• REQUIREMENT:
Transcribe all the lines below exactly. Omit the pictures.

• RAW DATA:

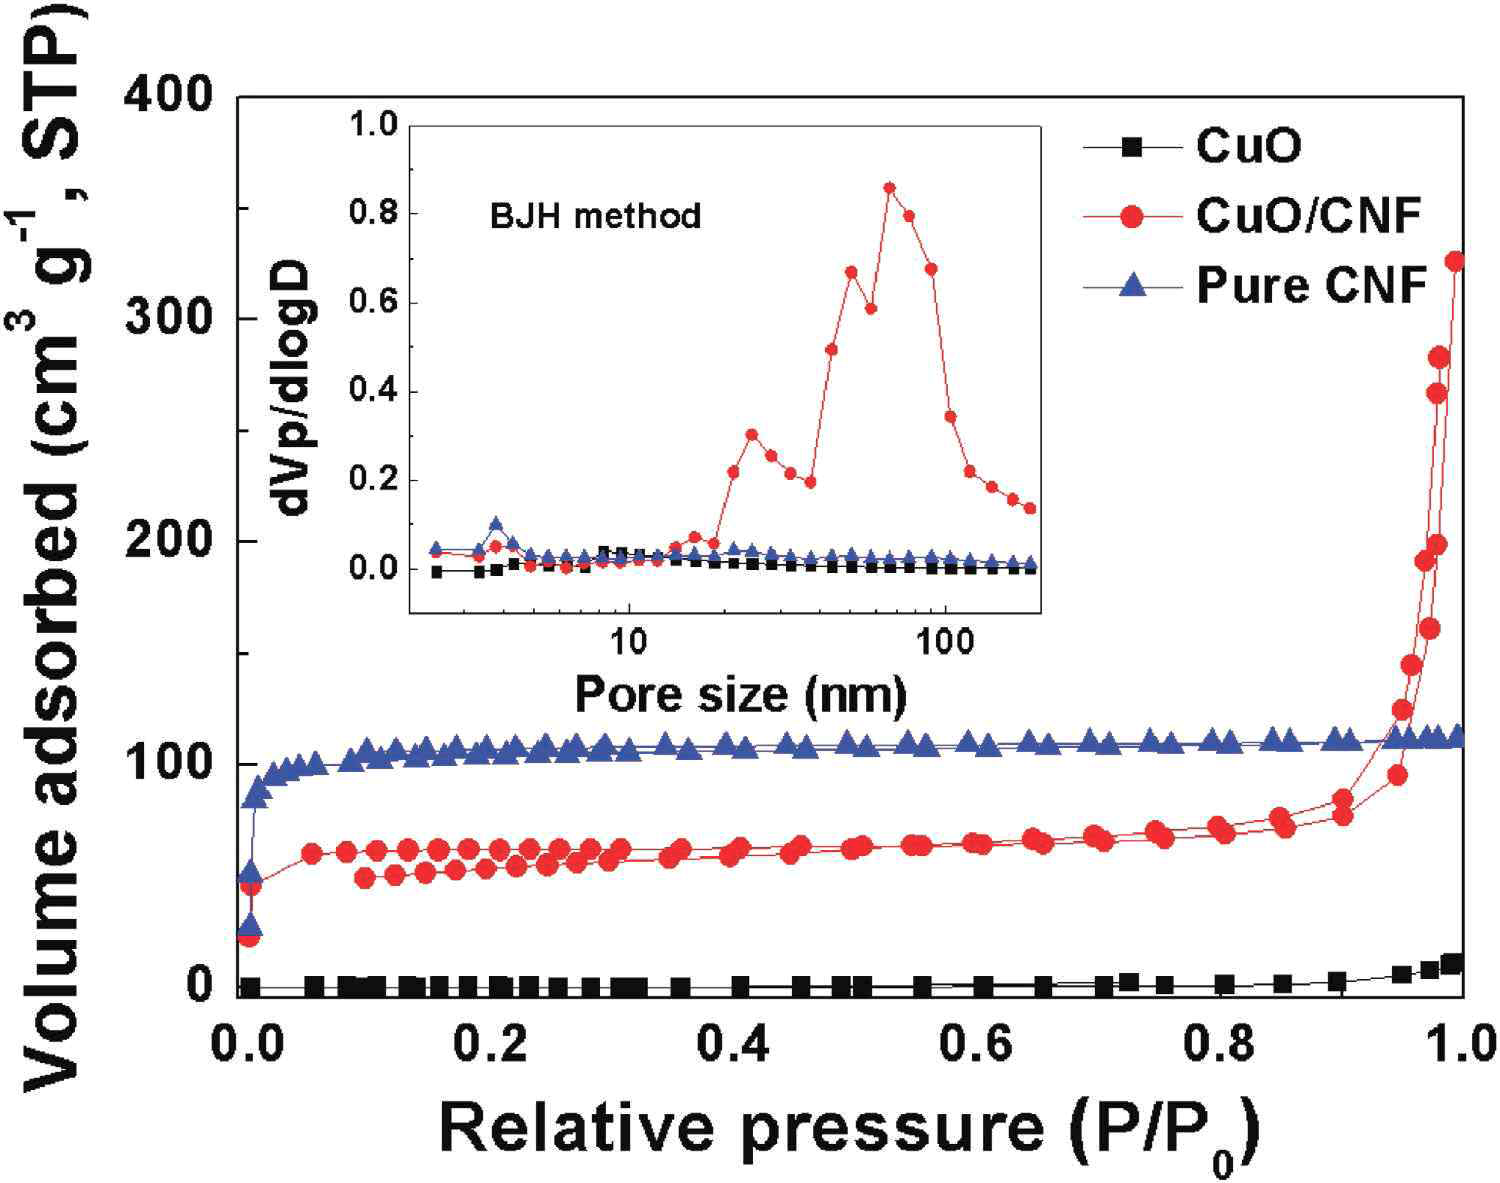 N2 sorption isotherms and pore size distribution of CNF, CuO and CuO/CNF.
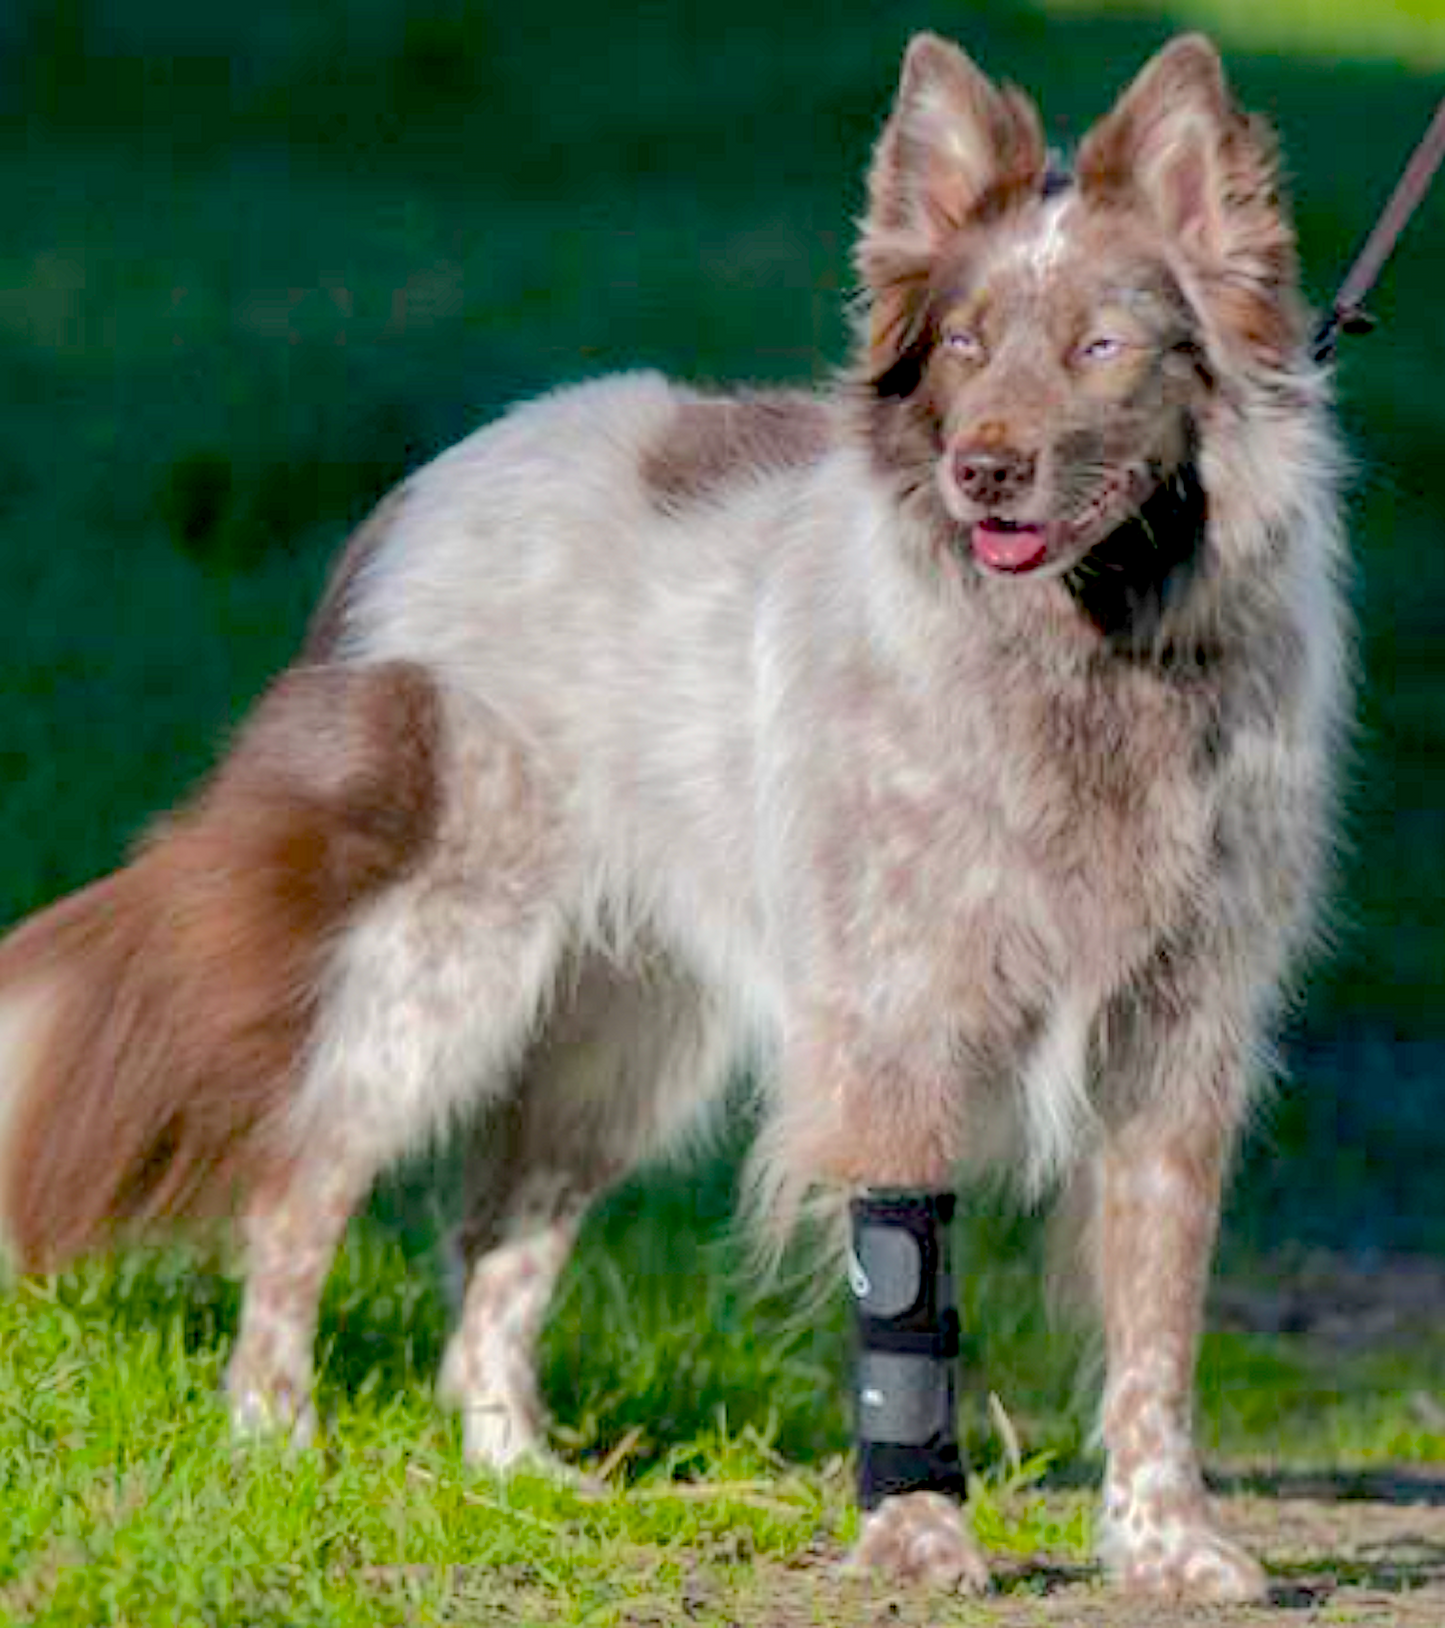 WALKABOUT FRONT LEG/CARPAL WRAPS: provides mild-moderate, flexible support for the lower front leg - Vital Vet
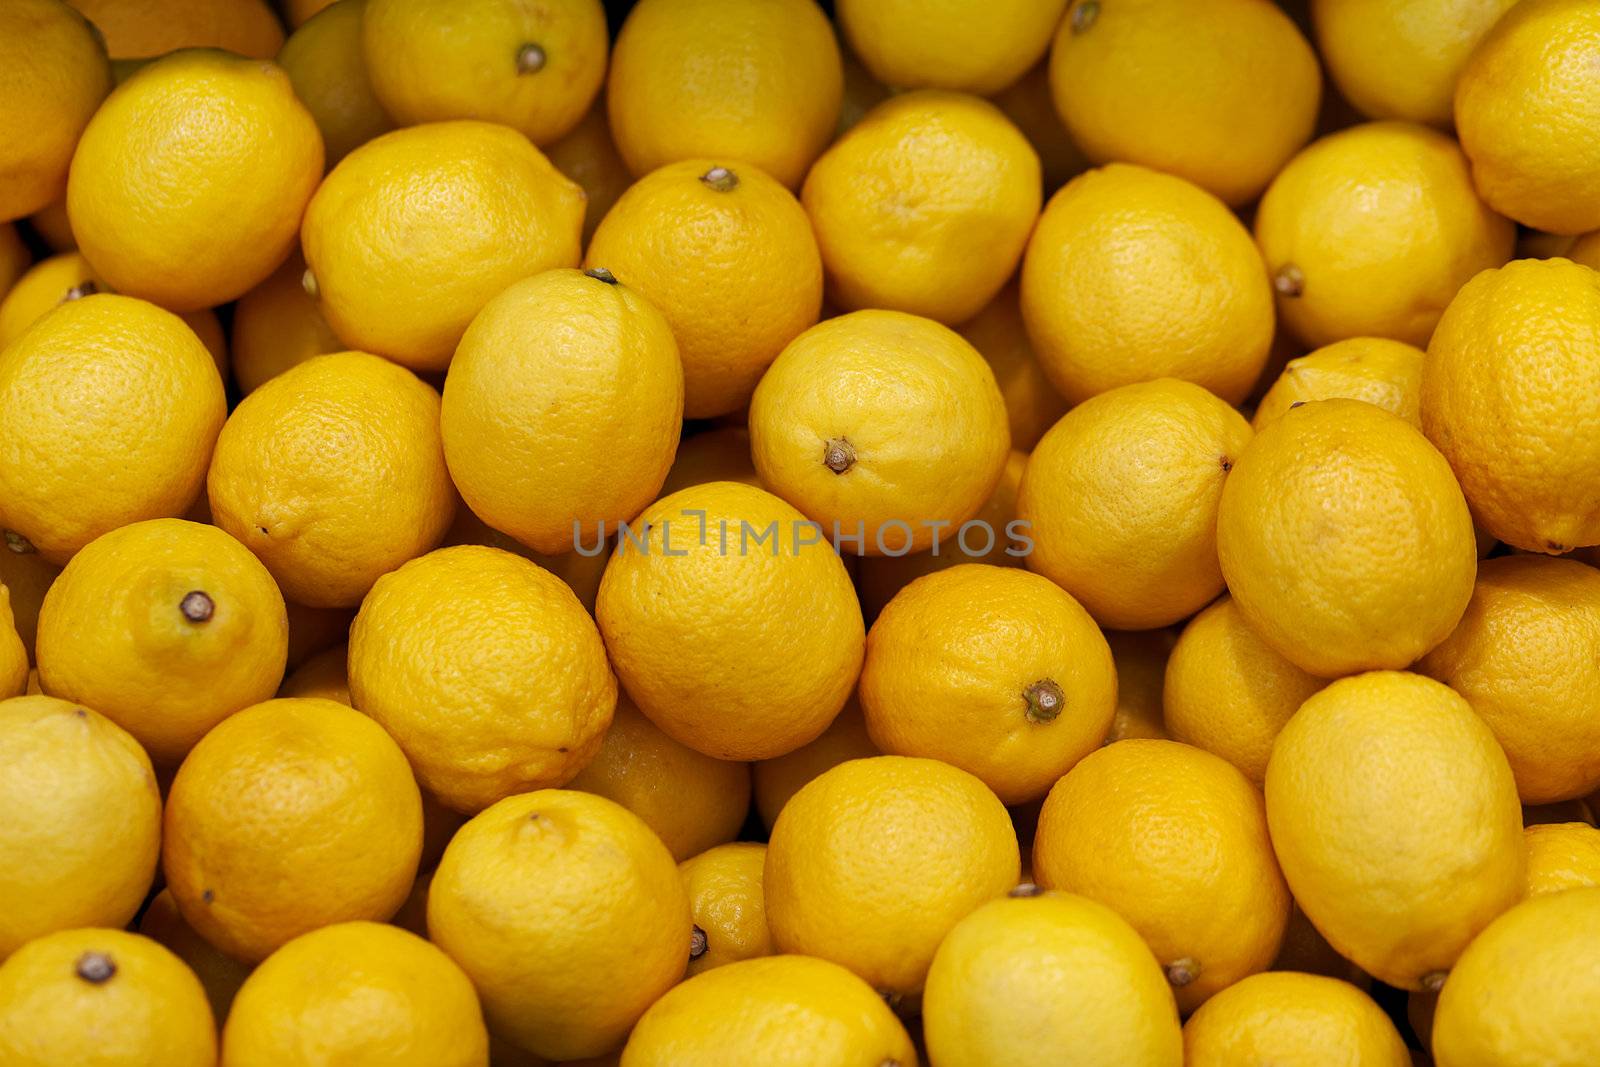 Lemons on the market counter - background by pzaxe

• ANSWER TO THE PROBLEM:
 N2 sorption isotherms and pore size distribution of CNF, CuO and CuO/CNF.
 WALKABOUT FRONT LEG/CARPAL WRAPS: provides mild-moderate, flexible support for the lower front leg - Vital Vet
 Lemons on the market counter - background by pzaxe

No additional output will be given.